**What to work on:** Produce a faithful copy of the data, one that leaves out the pictures.

**Information supplied:**
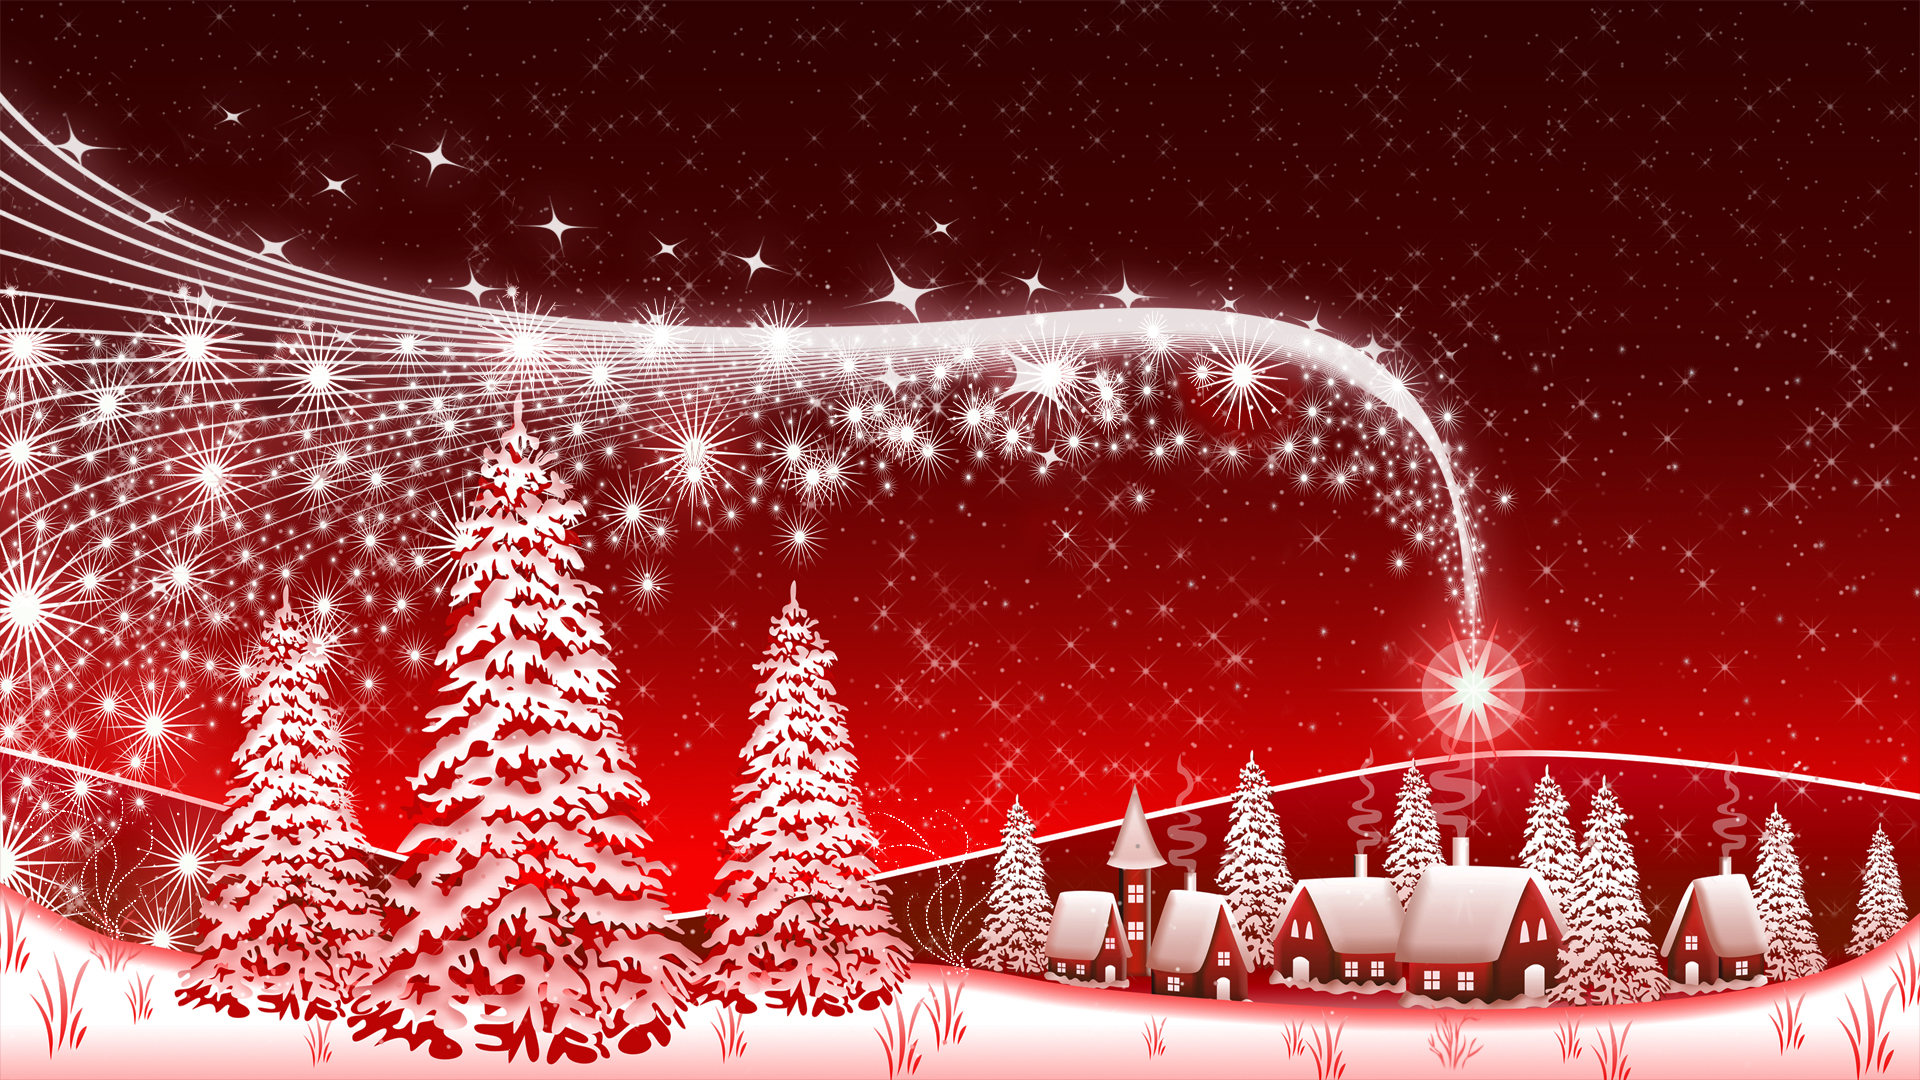 Free Download 10 Beautiful Christmas Wallpapers 1920x1080
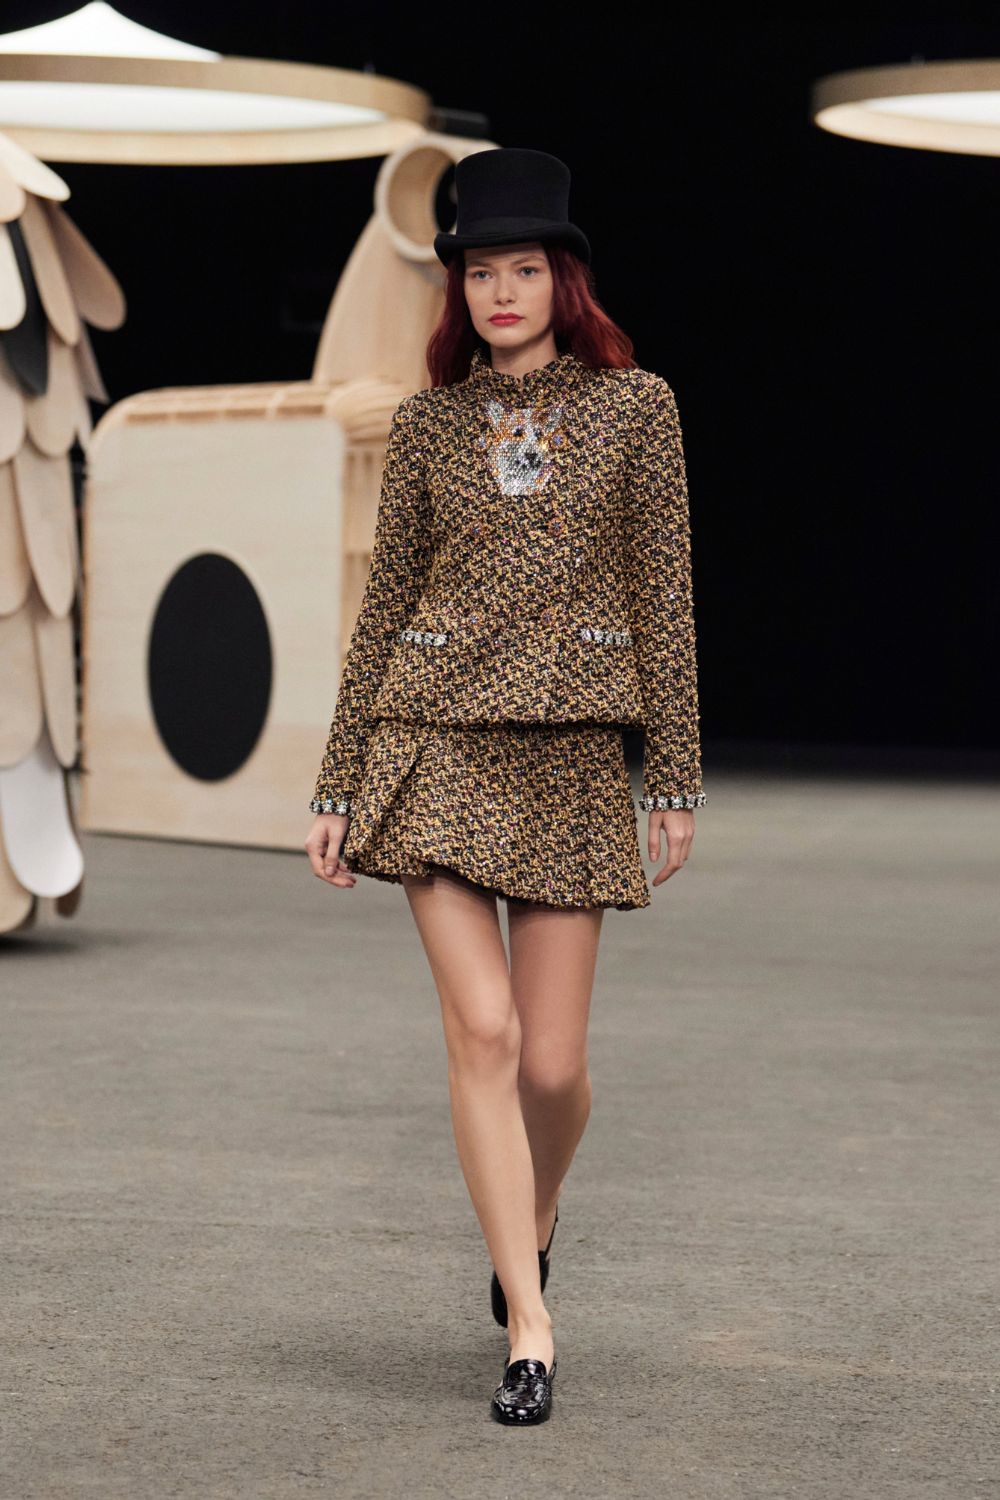 In the Chanel haute couture collection, there is a parade of
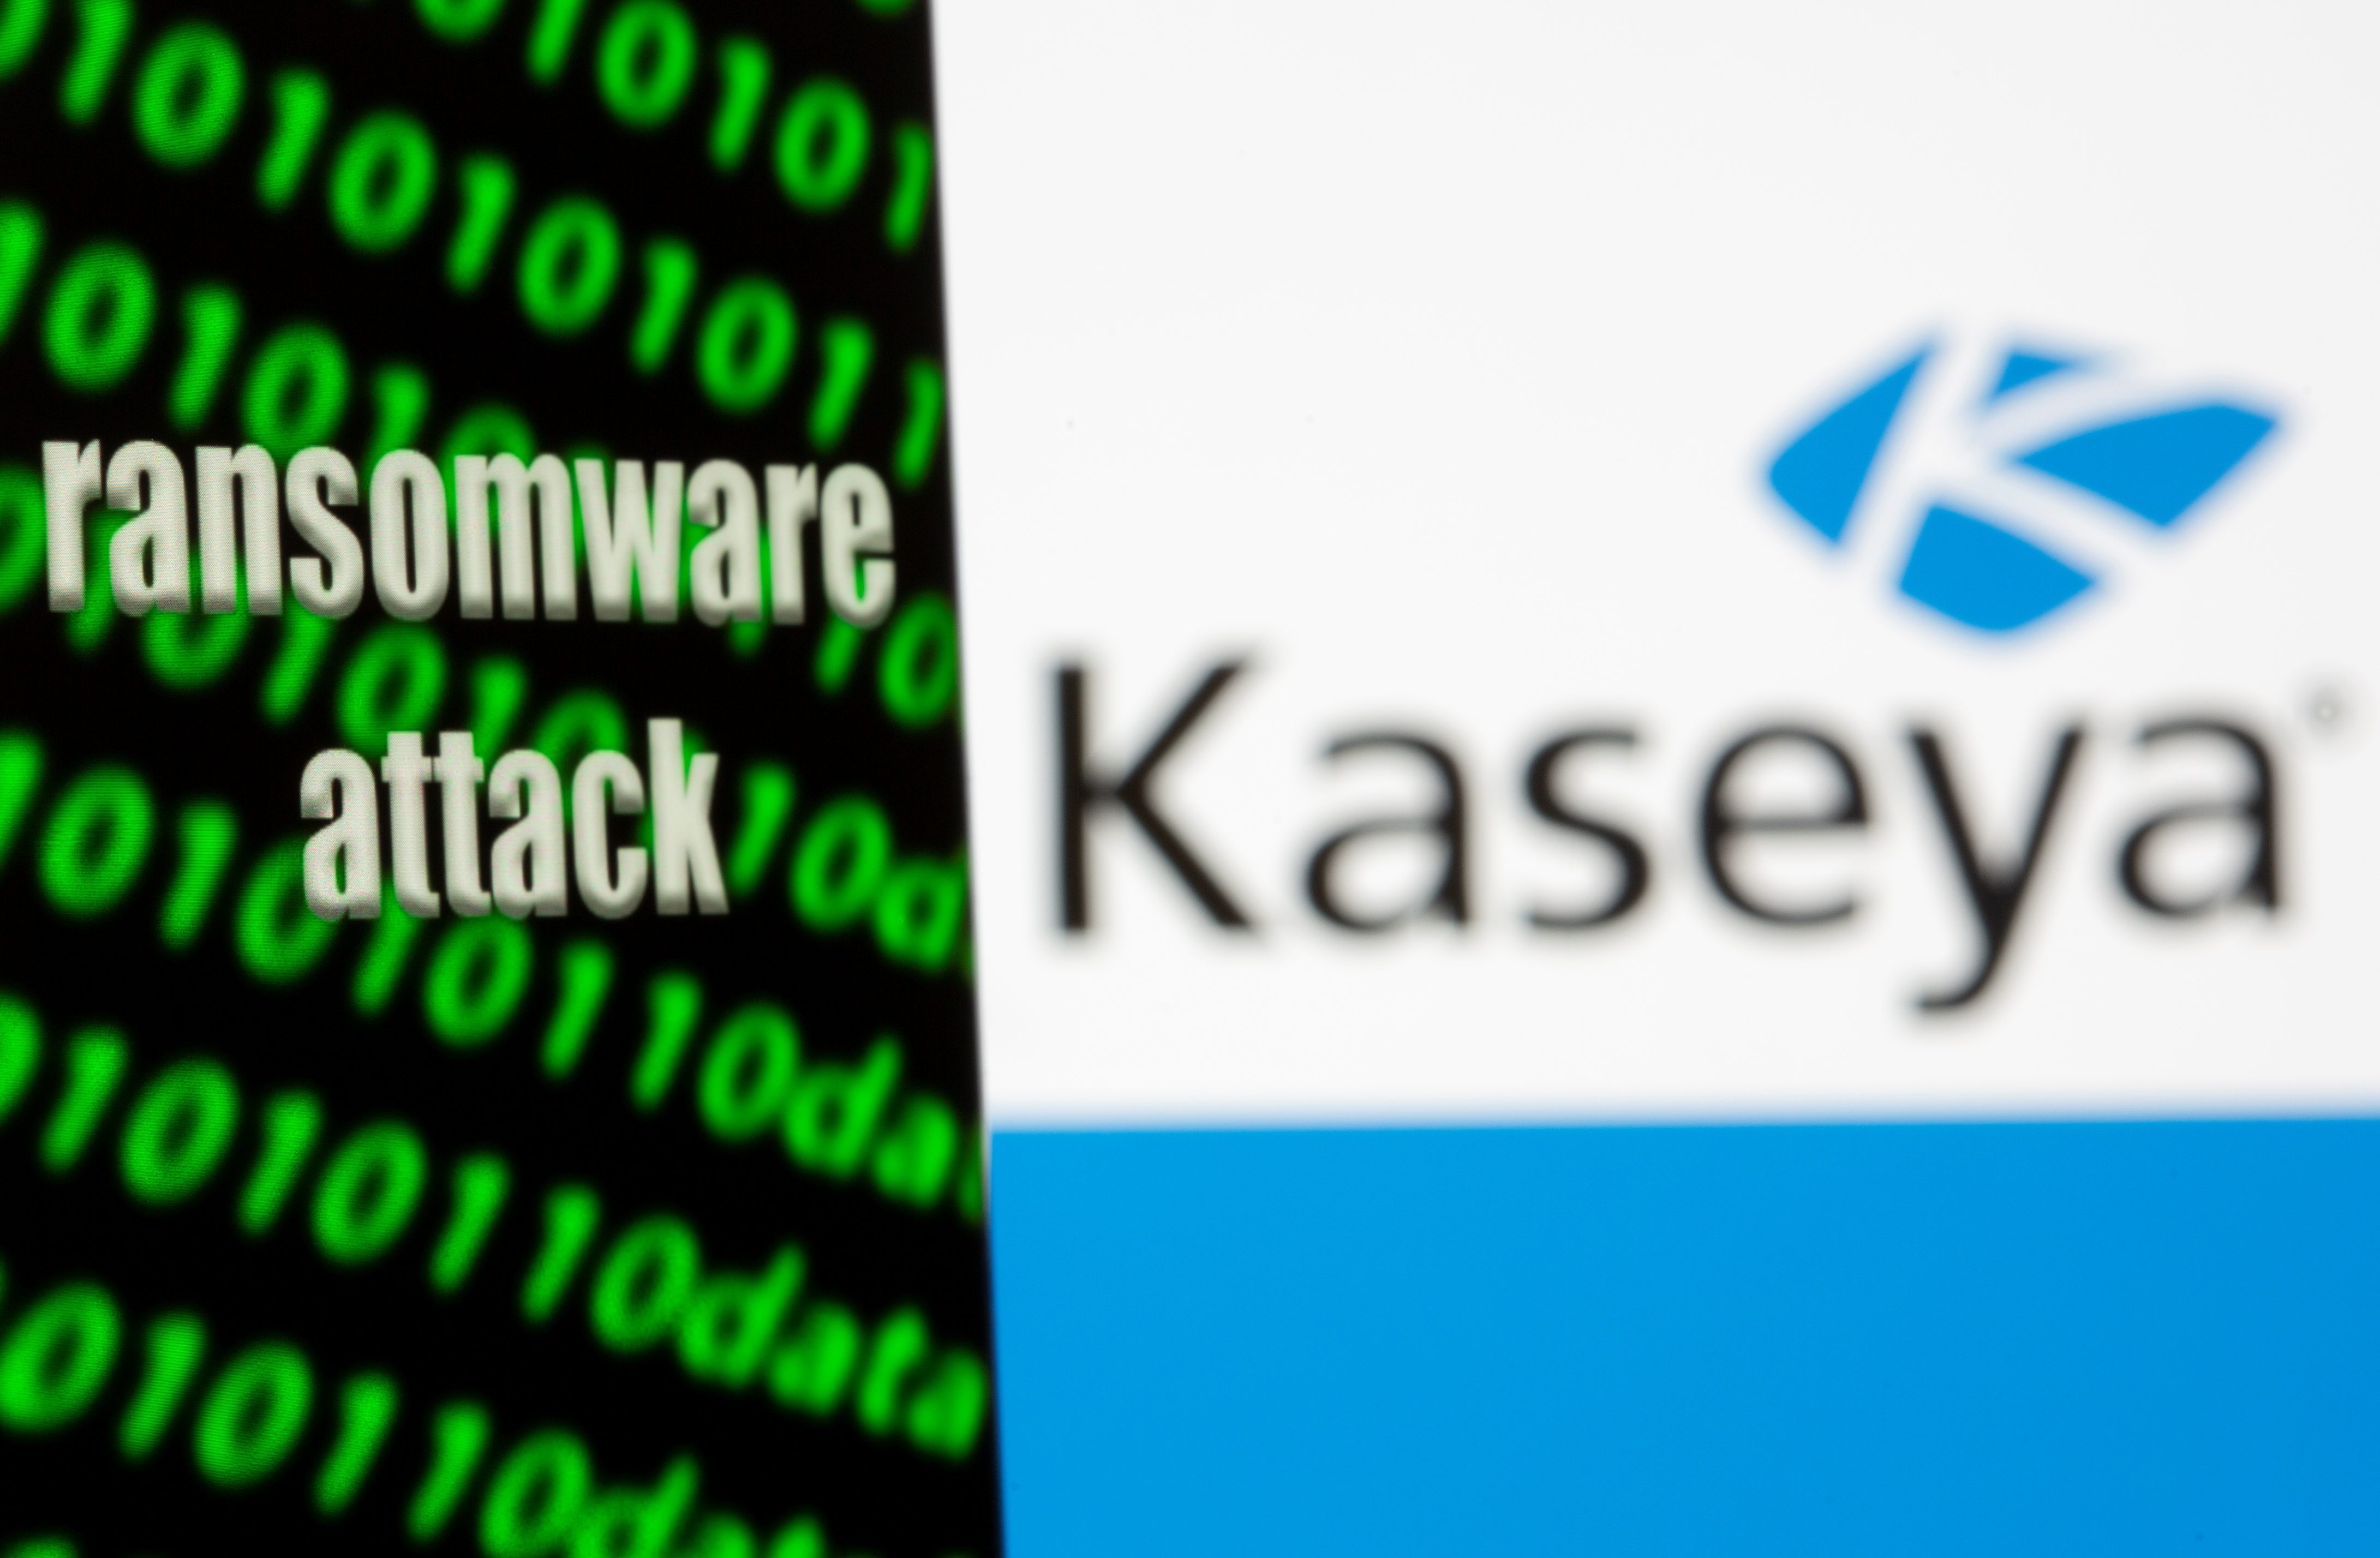 Kaseya ransomware attack sets off race to hack service providers – researchers

**Task solution:**
 Free Download 10 Beautiful Christmas Wallpapers 1920x1080
 In the Chanel haute couture collection, there is a parade of
 Kaseya ransomware attack sets off race to hack service providers – researchers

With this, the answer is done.